Golf
dan Reformasi
Komaruddin Hidayat ; Guru Besar Universitas Islam Negeri Syarif Hidayatullah
|
KORAN SINDO, 01 Mei 2015
Saya mendapat teman
baru yang mengasyikkan dalam bermain golf: Saiful Mujani, dosen FISIP UIN
Jakarta yang lebih dikenal sebagai konsultan politik ternama di Tanah Air.
Dengan modal data
survei, teori, pengalaman serta naluri politiknya yang tajam dan dingin,
bermain golf sambil ngobrol berbagai isu politik menjadi tak terasa capai
menapaki lapangan rumput hijau sekitar 7 km panjangnya. Sebagai pemain pemula
yang baru mulai pegang stik lima bulan lalu, kemajuannya sangat mengesankan
karena hampir setiap hari berlatih driving dengan pelatih profesional.
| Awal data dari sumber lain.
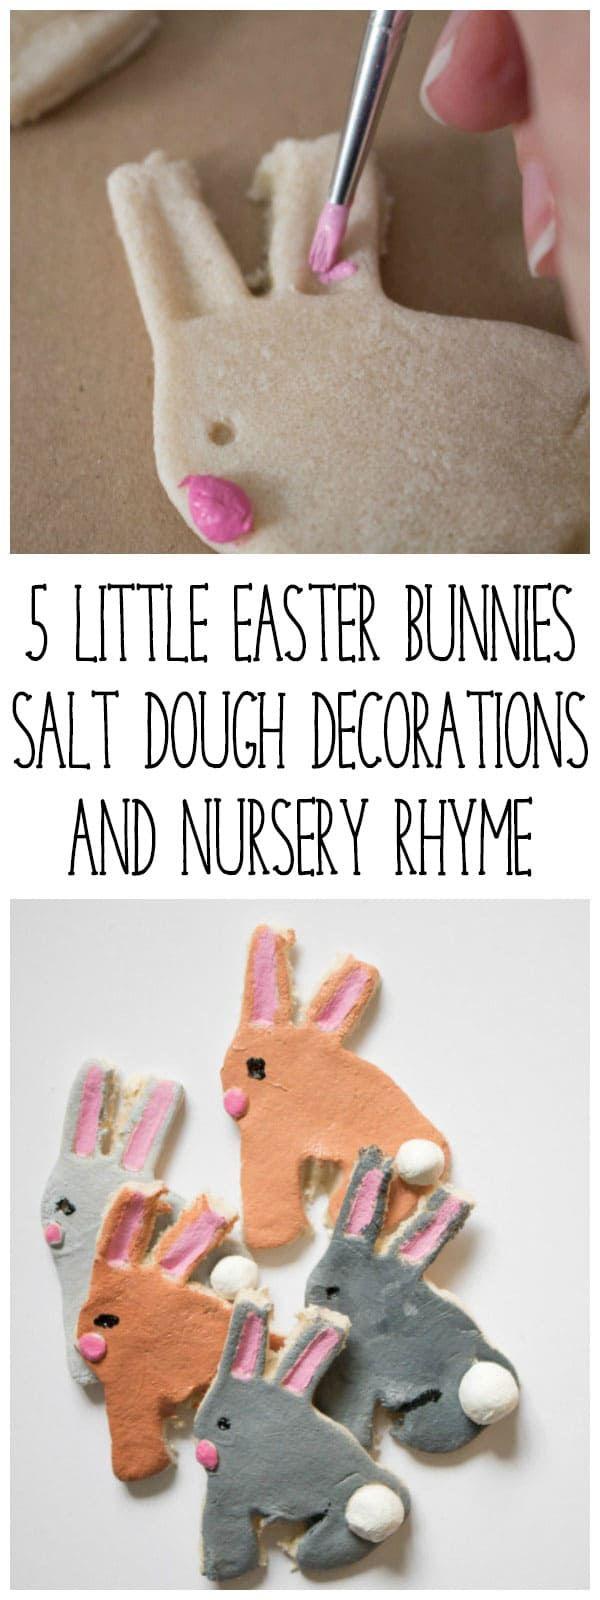 Easy Easter Crafts for Kids: Salt Dough Bunny

Dalam bermain golf sesungguhnya
hanya ada dua prinsip atau tantangan, yaitu power untuk memukul bola agar terbang mencapai jarak yang
diinginkan dan arah (direction)
agar bola tepat mendekati titik lokasi yang dituju. Untuk menentukan jarak,
pemain tinggal memilih stik atau club yang masing-masing sudah terukur,
berapa jauh bola akan melayang selagi pukulannya benar.
Problem yang selalu
dihadapi golfer, terlebih pemain baru, adalah memukul bola agar terbang lurus
mendekati titik yang dituju. Dalam konteks inilah Saiful Mujani merasa kesal
dan tertantang. Ayunan pukulannya sudah powerful
dan jauh, tetapi bola meleset menyimpang sehingga jauh dari target.
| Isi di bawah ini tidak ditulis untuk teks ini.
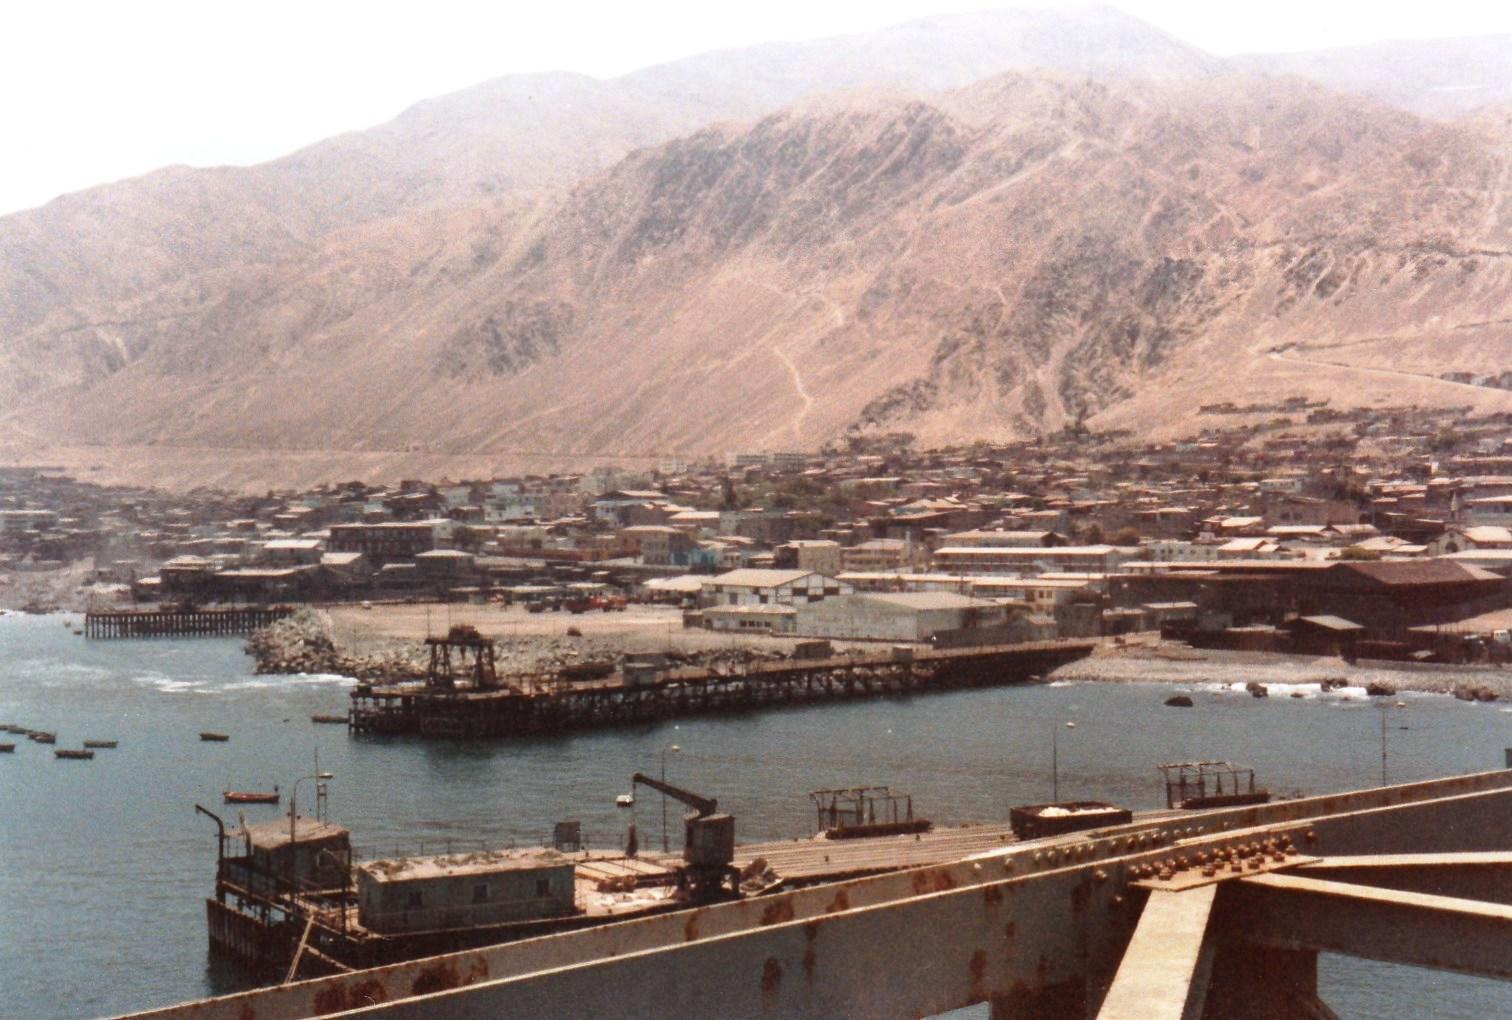 Enterreno - Fotos históricas de chile - fotos antiguas de Chile - Tocopilla en 1982

“Pukulannya mirip dengan arah reformasi politik,” katanya.
Mengapa? Dari segi
power dan energi, kata Saiful, reformasi politik ini mendapat sumber kekuatan
yang melimpah. Partisipasi dan harapan rakyat sangat tinggi. Jumlah parpol
tak pernah surut dan tetap punya semangat tinggi. Instrumen lembaga-lembaga
negara komplet, bahkan jumlah komisioner bermunculan, lembaga yang tidak
dikenal semasa Orde Baru.
Dukungan dana pun
meningkat baik yang bersumber dari APBN maupun partisipasi rakyat, terutama
kalangan pengusaha. Tak kalah pentingnya adalah iklim kebebasan berpendapat
yang difasilitasi media massa seperti televisi yang jumlahnya juga selalu
bertambah.
Salah satu problem
reformasi adalah tak mampu mengelola kekuatan dan semangat rakyat untuk
mendekati target yang ditawarkan dan disepakati bersama rakyat. Tak ubahnya
pukulan saya yang melesat jauh, tapi melenceng dari green dan hole.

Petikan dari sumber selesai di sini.